*Task requirements:*
Please output only the lines running from the one that contains "Our two ancient" through the last line of the data below, exactly as they stand, with no pictures.

Top of Collected data

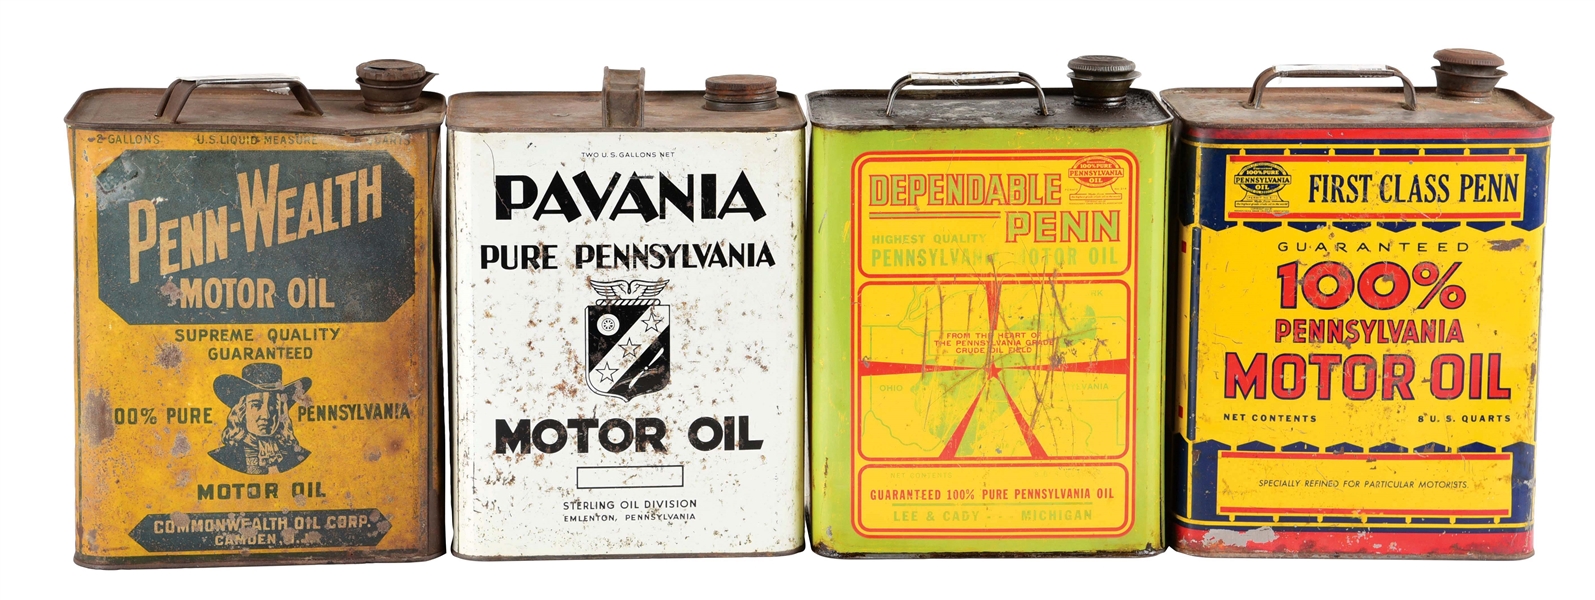 LOT OF 4: TWO GALLON OIL CANS FROM DEPENDABLE PENN, FIRST CLASS PENN, PAVANIA & PENN WEALTH MOTOR OILS. 
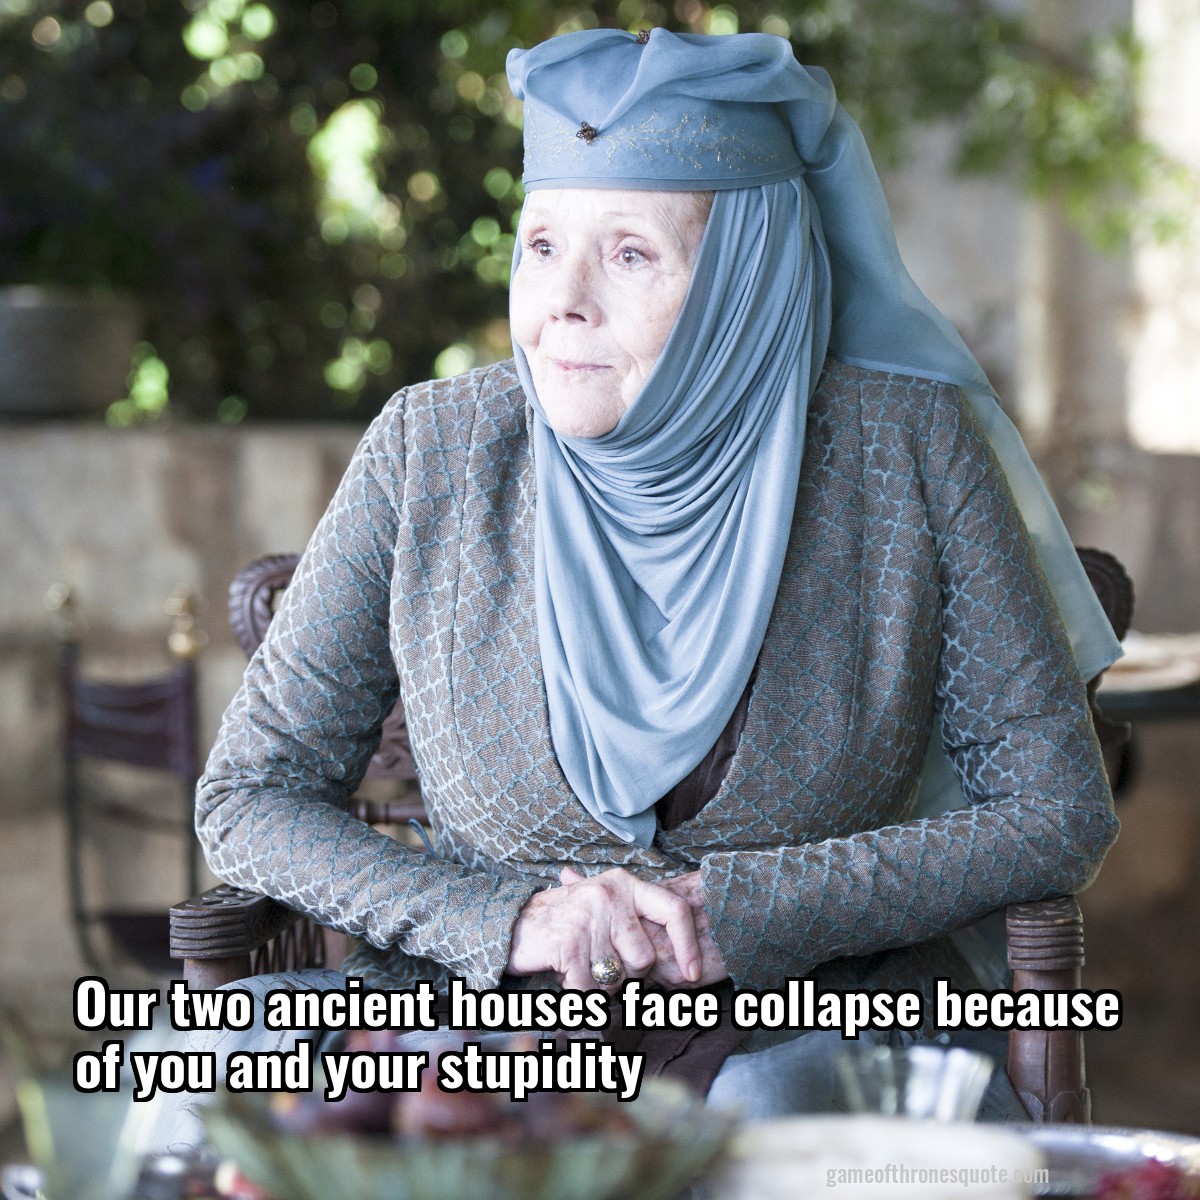 Our two ancient houses face collapse because of you and your stupidity
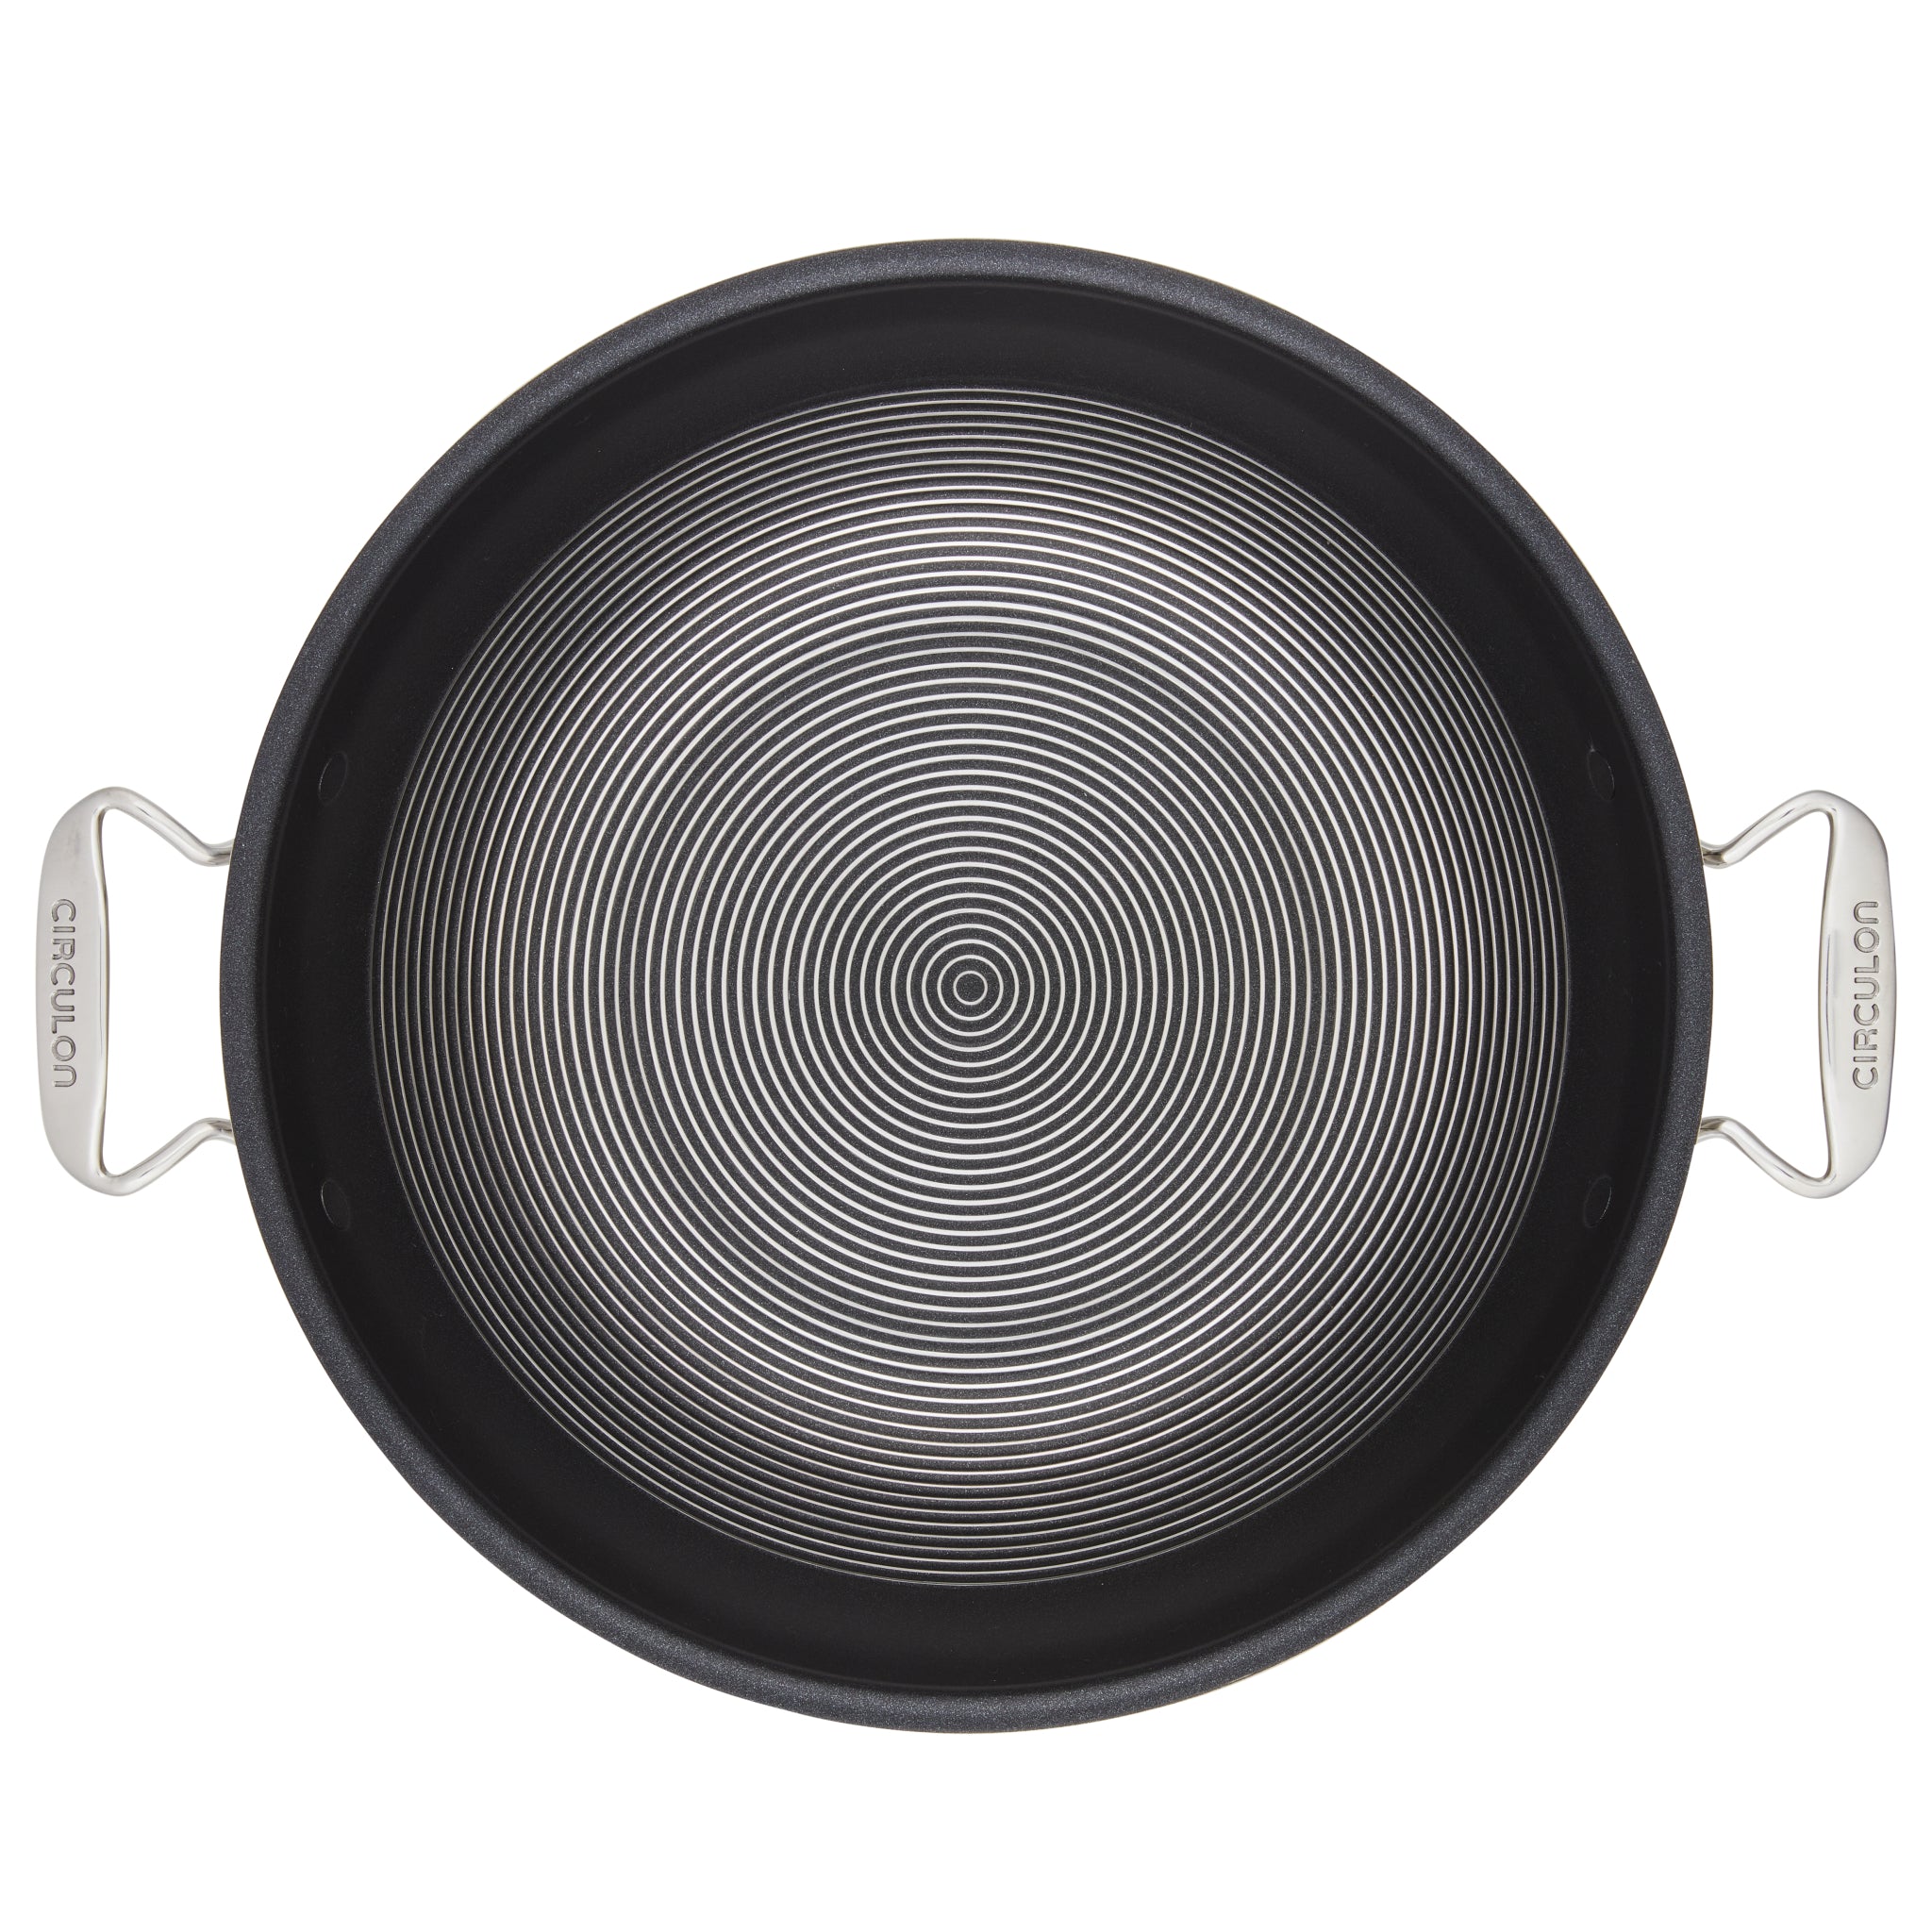 Circulon SteelShield Wok with Glass Lid Review

Bottom of Collected data

*Response to the exercise:*
 Our two ancient houses face collapse because of you and your stupidity
 Circulon SteelShield Wok with Glass Lid Review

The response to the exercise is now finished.